Allergol Immunopathol (Madr) ; 50(3): 101-105, 2022.
Artigo em Inglês | MEDLINE | ID: mdl-35527662

RESUMO

BACKGROUND: Patients with primary antibody deficiencies, such as Common Variable Immunodeficiency (CVID), have some problems to assess immune response after coronavirus disease (COVID) vaccination. Cutaneous delayed-type hypersensitivity (DTH) has the potential to be used as a useful, simple, and cheaper tool to assess T-cell (T lymphocyte) function. METHODS: Seventeen patients with CVID, a rare disease, received two doses of the mRNA-based Pfizer-BioNTech COVID-19 vaccine. Humoral Immune Response (HIR) was determined by measuring specific immunoglobulin G (IgG) antibodies, and Cellular Immune Response (CIR) was evaluated using an ex vivo interferon-gamma release assay (IGRA) and in vivo by DTH skin test. RESULTS: Two weeks after the second dose of the vaccine, 12 out of 17 CVID patients have high optical density (OD) ratios of specific anti-spike protein (S) IgG whereas five patients were negative or low. Ex vivo CIR was considered positive in 14 out of 17 S1-stimulated patients.
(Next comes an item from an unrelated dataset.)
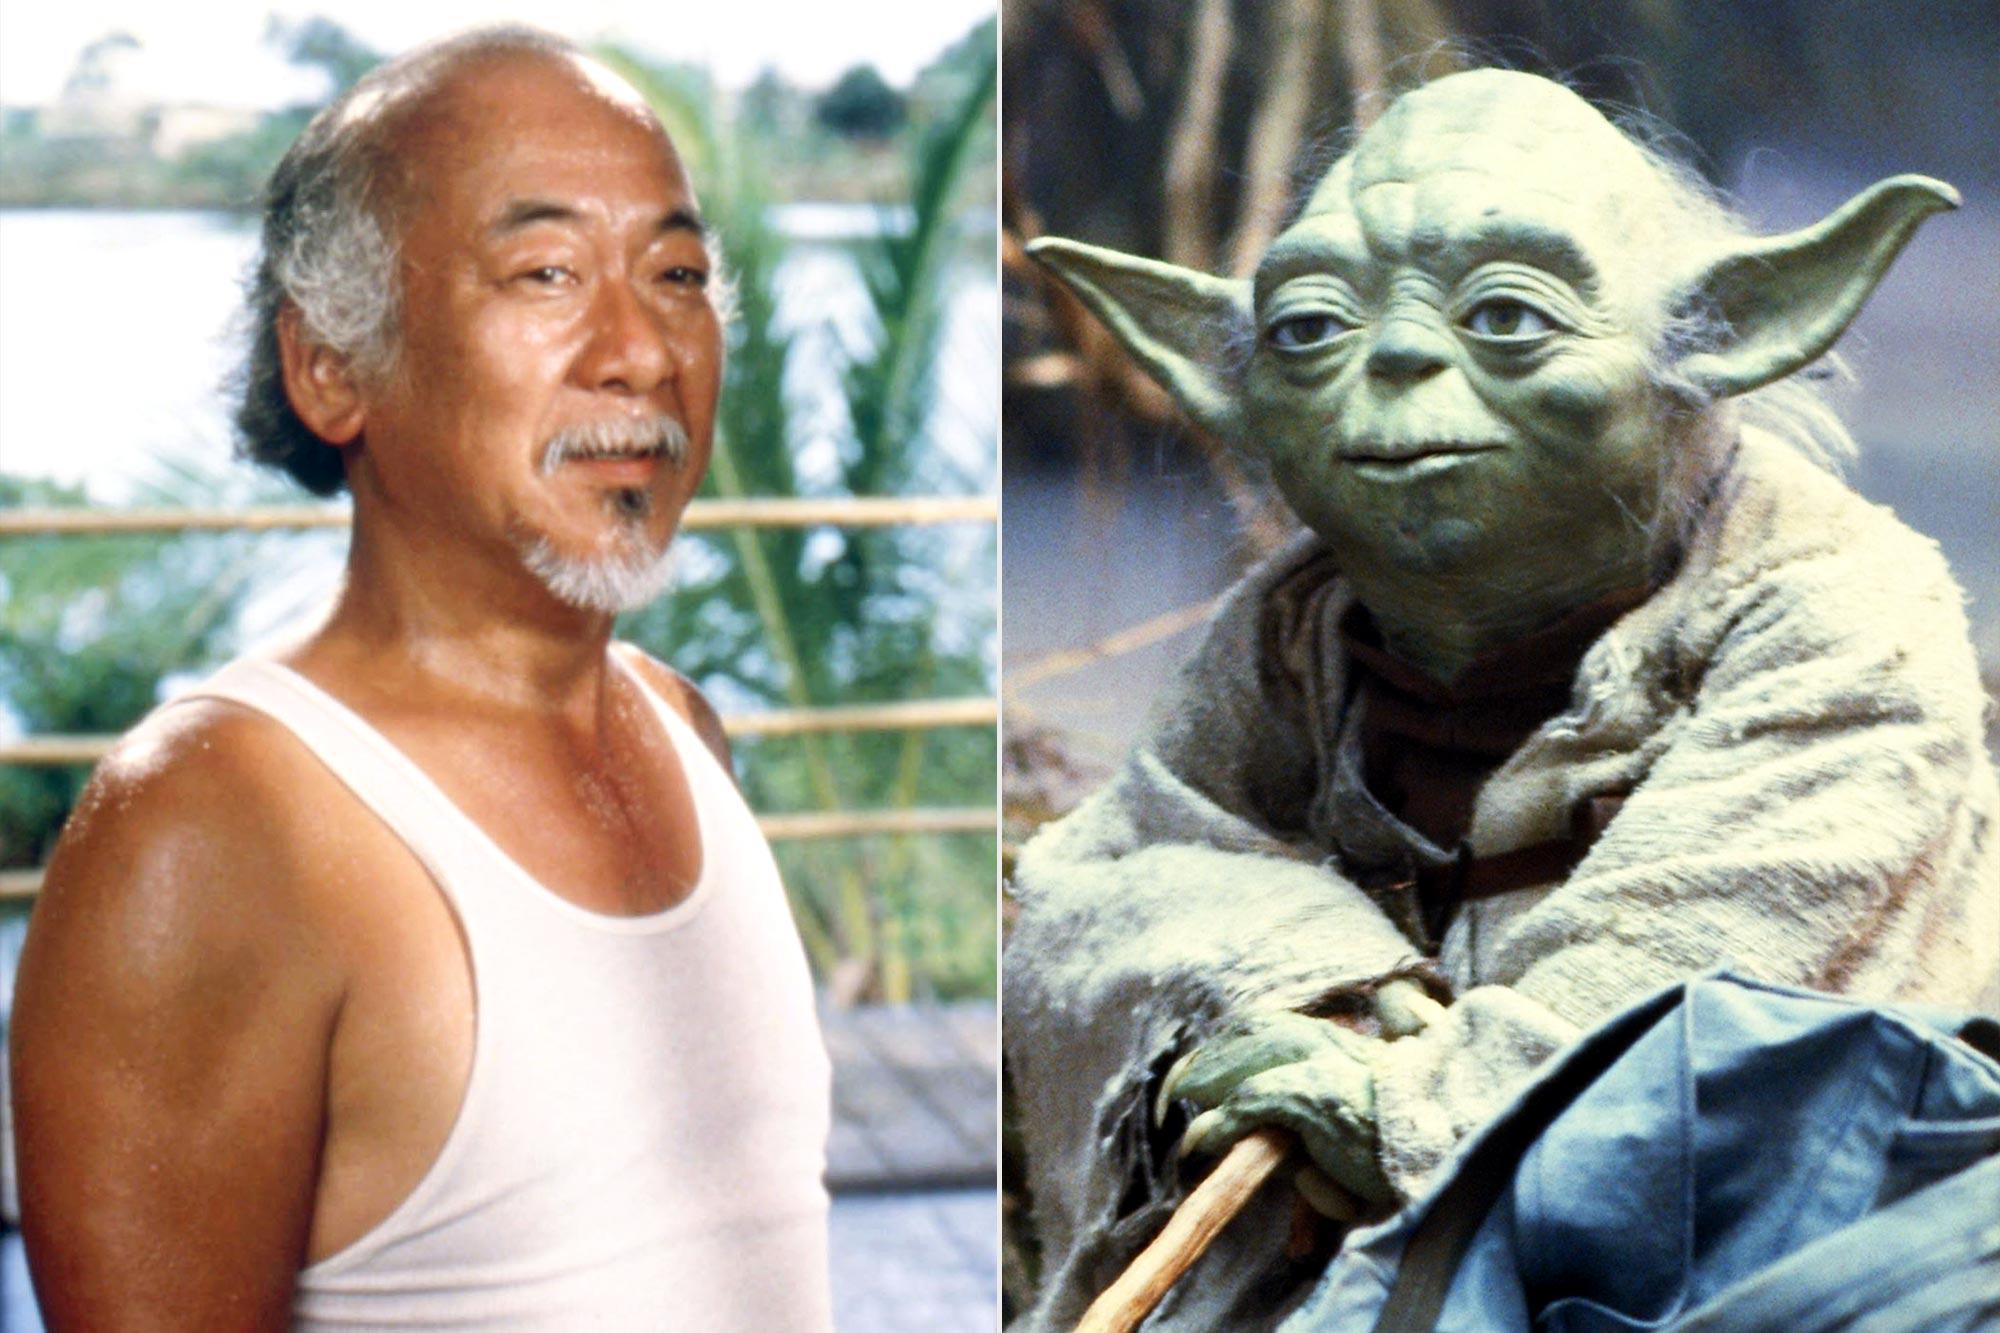 THE KARATE KID; Empire Strikes Back Yoda

Unspecific stimulation was positive in all 17 patients showing no T-cell defect. A positive DTH skin test was observed in 16 CVID patients. The only patient with negative DTH also had negative ex vivo CIR. CONCLUSIONS: The use of DTH to evaluate CIR was validated with an optimal correlation with the ex vivo CIR. The CIR after vaccination in patients with antibody deficiencies seems to have high precision and more sensitivity to antibodies-based methods in CVID. CLINICAL IMPLICATIONS: There is a remarkable correlation between cutaneous DTH and ex vivo IGRA after COVID vaccination. A COVID-specific skin DTH test could be implemented in large populations. CAPSULE SUMMARY: Cutaneous delayed-type hypersensitivity has the potential to be used as a useful, simple, and cheaper tool to assess T-cell functioning.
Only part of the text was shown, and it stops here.